No atual mandato, Lula sancionou a lei de igualdade salarial e iniciou o governo com 11 ministras — número que caiu para oito após mudanças em abril deste ano. Entidades cobram a indicação de uma mulher negra ao Supremo Tribunal Federal; até agora, as três escolhas foram homens (Cristiano Zanin, Flávio Dino e Jorge Messias, rejeitado pelo Senado e a ser indicado novamente).
Para o próximo pleito, Lula prega maior participação de mulheres, sobretudo negras e jovens. Em entrevista a uma rádio de Uberlândia (MG), citou a deputada Dandara como exemplo de renovação.
Renan Santos
Pré-candidato pelo Missão, Renan Santos publicou vídeo em 1º de julho elogiando a jornalista Malu Gaspar, alvo de suposta tentativa de intimidação revelada por O Globo. “Pessoas como Malu Gaspar tornam o país um pouquinho melhor”, disse.
Renan já enfrentou críticas por declarações sobre mulheres. Em 2018, apareceu em vídeo estimulando um coro ofensivo; em 2022, defendeu Arthur do Val após áudios sexistas sobre ucranianas. Neste ano, a Justiça paulista manteve online postagens que mencionam boletim de ocorrência de 2021 em que uma mulher o acusava de estupro e violência doméstica — acusação depois retratada, segundo a defesa.
Em entrevistas, propõe aumento de penas para crimes violentos contra mulheres, punição maior a pais inadimplentes com pensão e manutenção do Bolsa Família para mães solo vulneráveis.
Romeu Zema
Ex-governador de Minas Gerais e pré-candidato pelo Novo, Romeu Zema divulgou vídeo em 1º de julho associando a presença feminina na política à redução da corrupção. “Mulheres são mais honestas do que os homens”, afirmou, acrescentando que a “visão de futuro” feminina seria biológica.

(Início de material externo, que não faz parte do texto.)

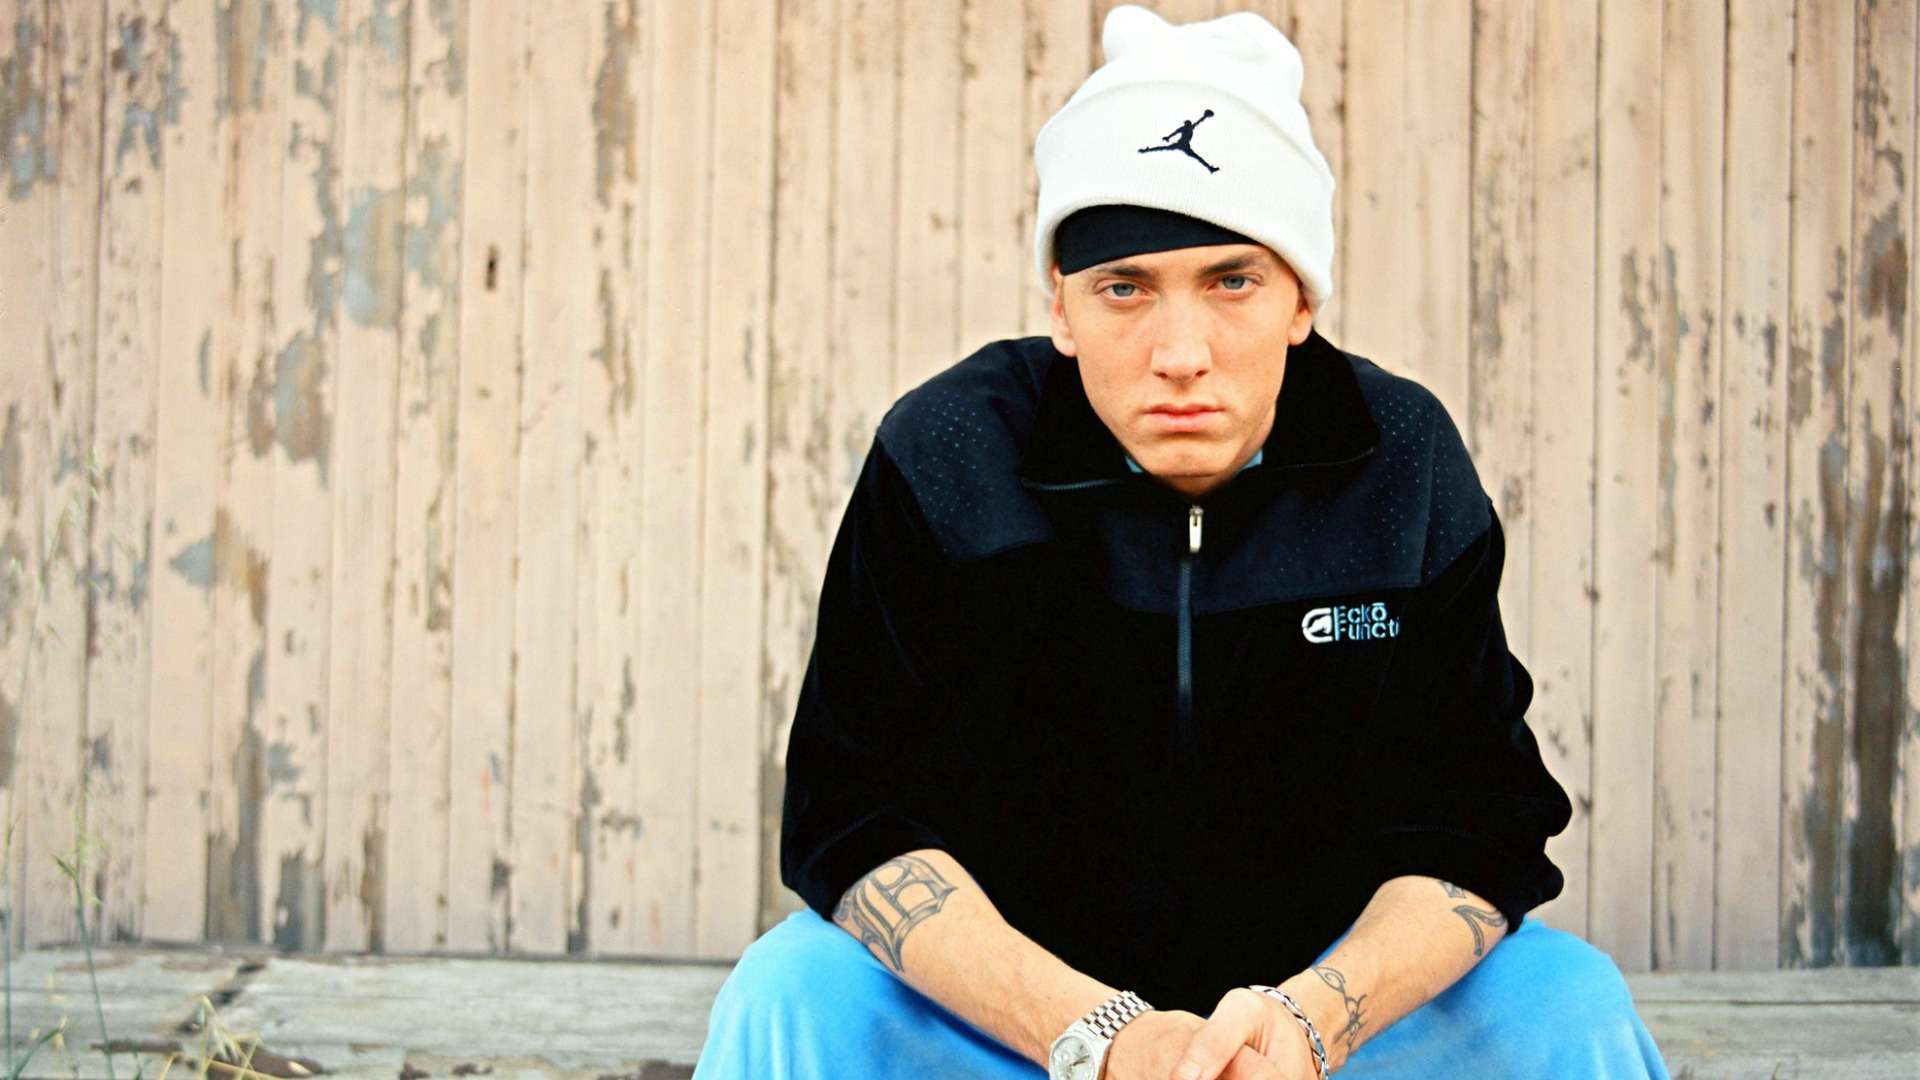 Eminem Wallpaper For Desktop Best Collection Free Download

Zema declara desejar uma mulher como vice, promete endurecer punições a agressores e defende regras distintas no Bolsa Família: manutenção ou ampliação do benefício para mulheres com filhos e exigência de curso ou trabalho a homens jovens. No dia 2, posicionou-se contra o projeto que inclui misoginia na Lei Antirracismo.
Durante seu governo, lançou o programa MG Mulher, com aplicativo de suporte a vítimas de violência e monitoramento de agressores; Minas conta, segundo a Polícia Civil, com 70 Delegacias de Atendimento à Mulher.
Ronaldo Caiado
Ex-governador de Goiás e pré-candidato pelo PSD, Ronaldo Caiado utiliza o tema da segurança para se aproximar de eleitoras. “Em briga de marido e mulher, eu meto algema”, declarou ao NeoFeed em 18 de junho, destacando pioneirismo no uso de tornozeleiras eletrônicas para agressores.
Contrário a cotas obrigatórias para mulheres na política, Caiado sancionou em 2024 lei estadual que oferece ultrassom com batimentos cardíacos a gestantes que buscam aborto legal — medida contestada no STF pelo PSOL. Na pré-campanha, promete expandir o monitoramento por tornozeleiras e conceder auxílio-moradia e alimentação a vítimas de violência doméstica.
A disputa pelo voto feminino, maioria no eleitorado brasileiro, tornou-se eixo central da comunicação dos principais nomes da corrida ao Planalto, que buscam apresentar propostas e se afastar de controvérsias enquanto a pré-campanha ganha fôlego.